Like many provinces and territories in Canada, British Columbia (BC) has a long history of providing secure access to online government services. We started our journey 20 years ago with the introduction of BCeID, a simple username and password solution. A lot has changed since then!

Today, we are investing in Verifiable Credentials (VCs) and a digital wallet. We see these as the cornerstones in the evolution of our digital strategy, adding a much needed layer of trust to the digital economy.  

We want to share what we are doing, why we focus on interoperability and open-source, and why we are excited about VCs being our natural next step.

Why We Care

As a public sector organization, BC has a strong interest in seeing the adoption of technologies that are secure, privacy-preserving, and convenient.  

Digital is obviously everywhere. In 2021, 94% of BC citizens said they are online, and 90% of Canadians have smartphones. Also, according to the Business Council of Canada, in the last decade Canada’s digital economy grew 40% faster than the overall world economy.  In Digital ID terms, this growth is an opportunity to make people’s online lives easier and safer.

We also know that cybersecurity threats are growing and there are no signs of it slowing down. BC sees an astonishing 496 million unauthorized access attempts per day – that’s 5,741 every second! Identity theft and fraud also continues to rise. We need digital trust solutions that counter this increasing risk.

In responding to this new reality, we recognize that people are familiar and comfortable with the many credentials that governments issue today. Things like physical copies of drivers’ licenses, health cards, passports, permits, and reports are widely accepted and trusted.  In BC, we are building on that trust and moving towards providing the same things digitally. We are also enabling confidential connections through the wallet to give people choice and confidence in their digital lives.  

BC’s Approach 

Clearly, digital trust goes far beyond just the government. Canadians expect more access, with greater security, to high-value services in both the public and private sectors. VCs and the wallet provide a highly flexible way to achieve that goal.

Collaboration is critical to achieving that goal and it’s important to us. BC’s Chief Information Officer, CJ Ritchie, strongly advocates for us working together to meet the expectations of Canadians.  She notes, “If we don’t all act together to deliver solutions that protect privacy and interact securely, trust will erode and there will be negative impacts for businesses, people’s livelihoods, and the broader digital economy.”

As our approach evolves, we also remain keen to support open source solutions that interoperate with other national and international efforts. There is no dominant design yet, no one network or technology, so we must remain nimble and flexible in our exploration. We also need to coexist with existing identity solutions that millions of British Columbians already rely upon.

Technology Interoperability

In exploring VCs, BC is contributing to solutions that allow agents to verify credentials from multiple networks.

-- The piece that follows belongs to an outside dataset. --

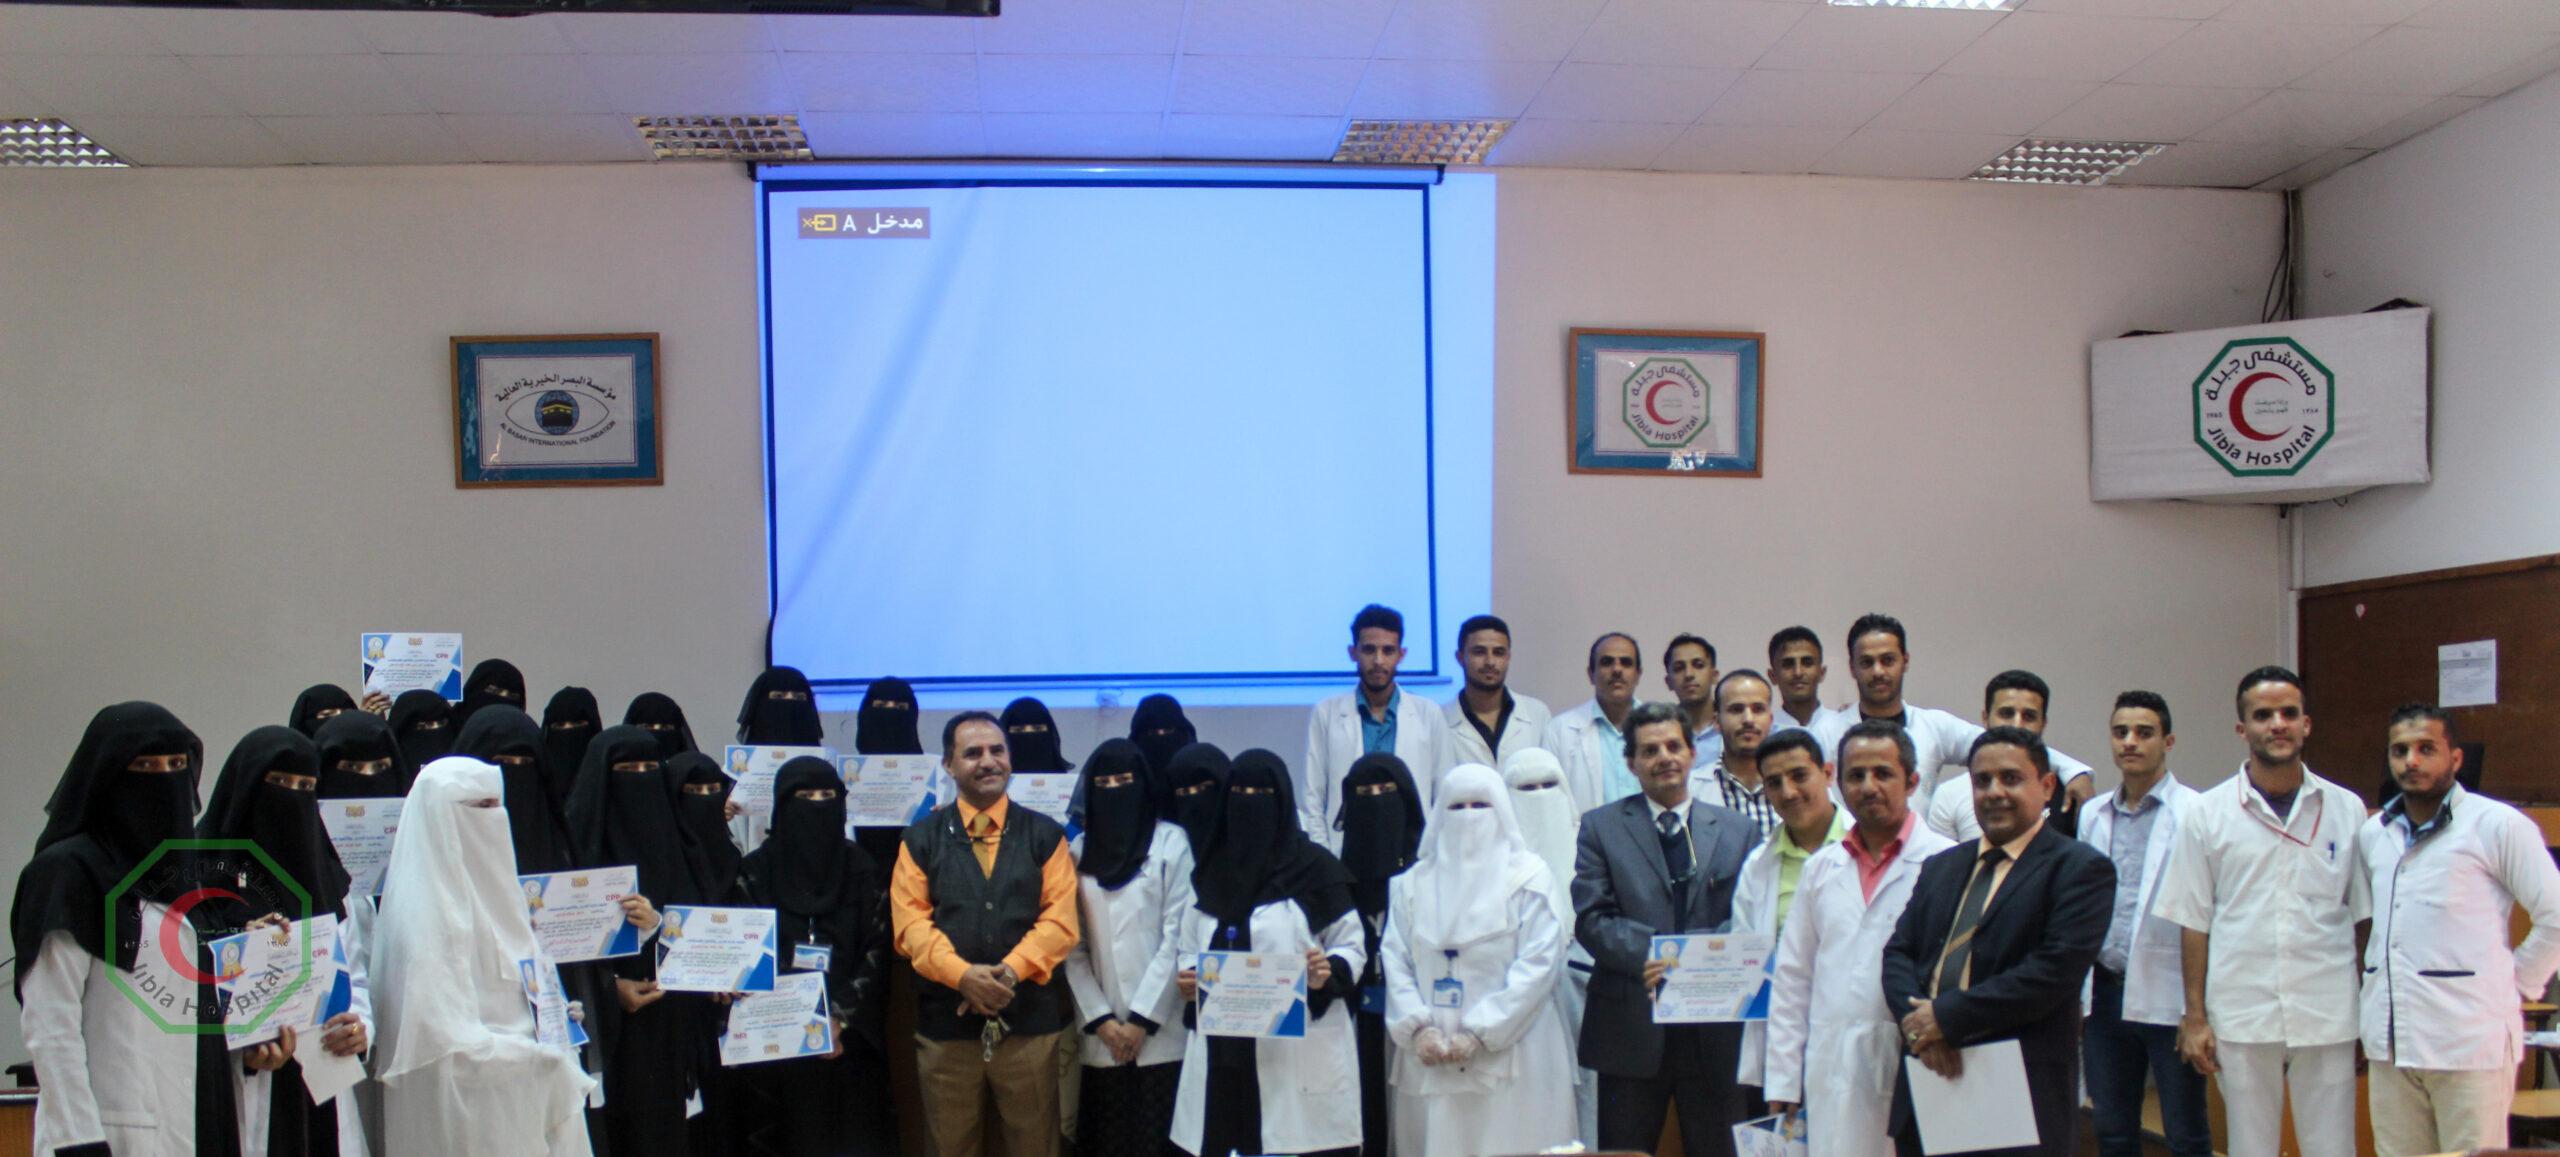 صورة جماعية للمشاركين في الدورة مع مدير عام المستشفى

Indeed, through one of our Code With Us initiatives, DID indy, we contributed over 11,000 lines of open-source code to support and prove the viability of a “network of networks”.

We also are focused on the interoperability of Hyperledger Aries agents themselves, another key success metric.  We are leading contributors to Aries Agent Test Harness (AATH), open-source software that runs a series of Hyperledger Aries interoperability tests and delivers the results to the AATH website. Great interoperability requires that we test—and re-test!—that interoperability on a regular basis.

__

Side note: If you want to test the interoperability of any Aries agent with this ecosystem, please sign up to join the Hyperledger Aries Interoperability Event on August  31.

__

Driving Adoption

In BC we have a lot of technical skill in working with VCs and with Hyperledger Aries agents. However, for VCs to be successful, it needs to be easy for others to join in. 

On the agents side, to complement our extensive contributions to Hyperledger Aries Cloud Agent Python (ACA-Py) and other Aries and Indy projects, we also contribute to Hyperledger Aries Framework Javascript (AFJ), the agent commonly used for mobile digital wallets. 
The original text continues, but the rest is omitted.